Now let's find the first four terms:
Term 1: C(1/2,0) * (3x)^0
= 1 * 1
= 1
Term 2: C(1/2,1) * (3x)^1
= (1/2) * 3x
= (3/2)x
Term 3: C(1/2,2) * (3x)^2
= (1/2 * -1/2) * (3)^2 * x^2
= (-1/4) * 9x^2
= (-9/4)x^2
Term 4: C(1/2,3) * (3x)^3
= (1/2 * -1/2 * -3/2) * (3)^3 * x^3
= (-1/8) * 27x^3
= (-27/8)x^3
Therefore, the first four terms of the expansion of √(1-3x) are:
1, (3/2)x, (-9/4)x^2, (-27/8)x^3
Now, to evaluate √0.7 correct to 4 decimal places, we substitute x = 0.7 into the expansion:
√0.7 ≈ 1 + (3/2)(0.7) + (-9/4)(0.7)^2 + (-27/8)(0.7)^3
Calculating this expression gives:
√0.7 ≈ 1 + 1.05 + (-0.735) + (-0.191)
= 1 + 1.05 - 0.735 - 0.191
= 1.114
Therefore, √0.7 ≈ 1.114 (correct to 4 decimal places).

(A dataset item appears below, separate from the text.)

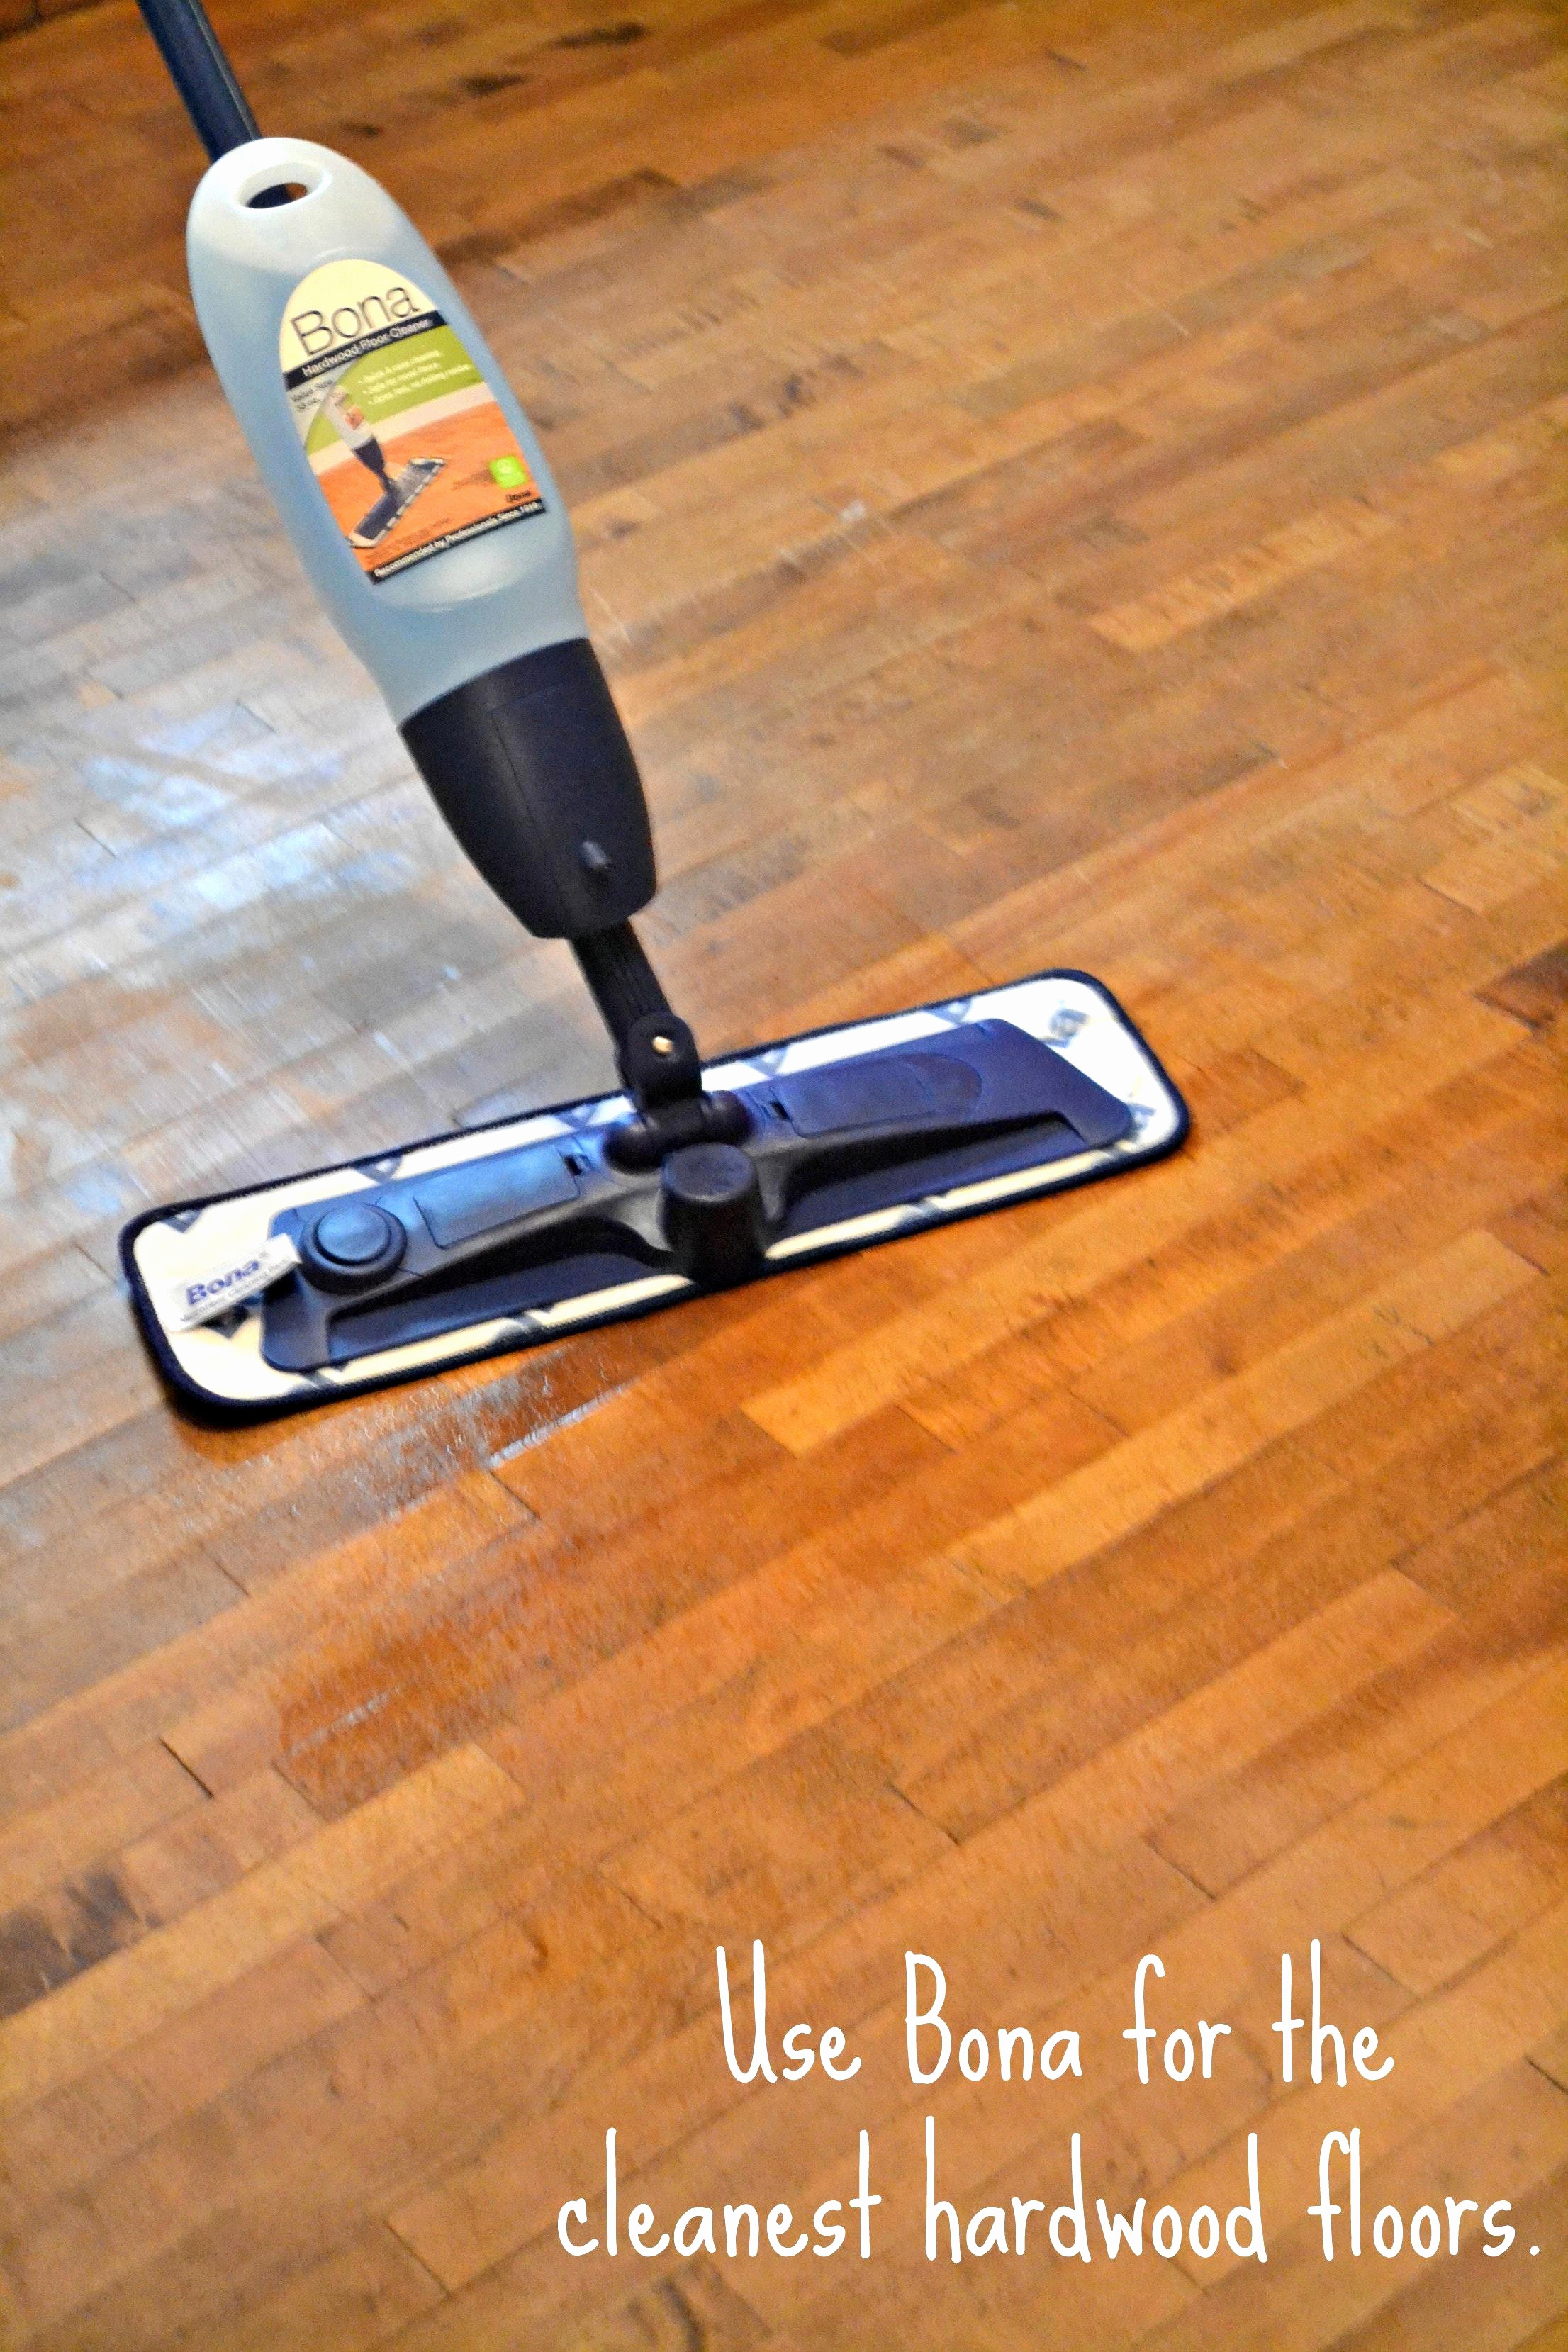 can i clean hardwood floors with vinegar and water of breathtaking clean hardwood floors with vinegar beautiful floors with breathtaking clean hardwood floor with vinegar 50 unique how to pic photo picture of july 2018

To find the expansion of sqrt(1-3x), we can use the binomial theorem. The binomial theorem states that for a binomial expression (a + b)^n, the terms in the expanded form can be found using the formula:
C(n, k) * a^(n-k) * b^k
Where C(n, k) is the binomial coefficient, given by:
C(n, k) = n! / (k! * (n-k)!)
For the expression sqrt(1-3x), we can rewrite it as (1 + (-3x))^0.5
Using the binomial theorem, the first four terms can be found by expanding (1 + (-3x))^0.5 up to the fourth power (n=0 to n=3):
Term 1 (k=0): C(0, 0) * 1^0 * (-3x)^0 = 1 * 1 * 1 = 1
Term 2 (k=1): C(1, 1) * 1^0 * (-3x)^1 = 1 * 1 * (-3x) = -3x
Term 3 (k=2): C(2, 2) * 1^0 * (-3x)^2 = 1 * 1 * 9x^2 = 9x^2
Term 4 (k=3): C(3, 3) * 1^0 * (-3x)^3 = 1 * 1 * (-27x^3) = -27x^3
Hence, the first four terms of the expansion of sqrt(1-3x) are: 1, -3x, 9x^2, -27x^3
To evaluate sqrt(0.7) correct to 4 decimal places, we can use the expansion we found and substitute x with 0.7:
sqrt(0.7) = 1 - 3(0.7) + 9(0.7^2) - 27(0.7^3)
Calculating this expression, we get:
sqrt(0.7) = 1 - 2.1 + 4.83 - 11.025
Therefore, evaluating sqrt(0.7) correct to 4 decimal places, we get approximately 1.7050.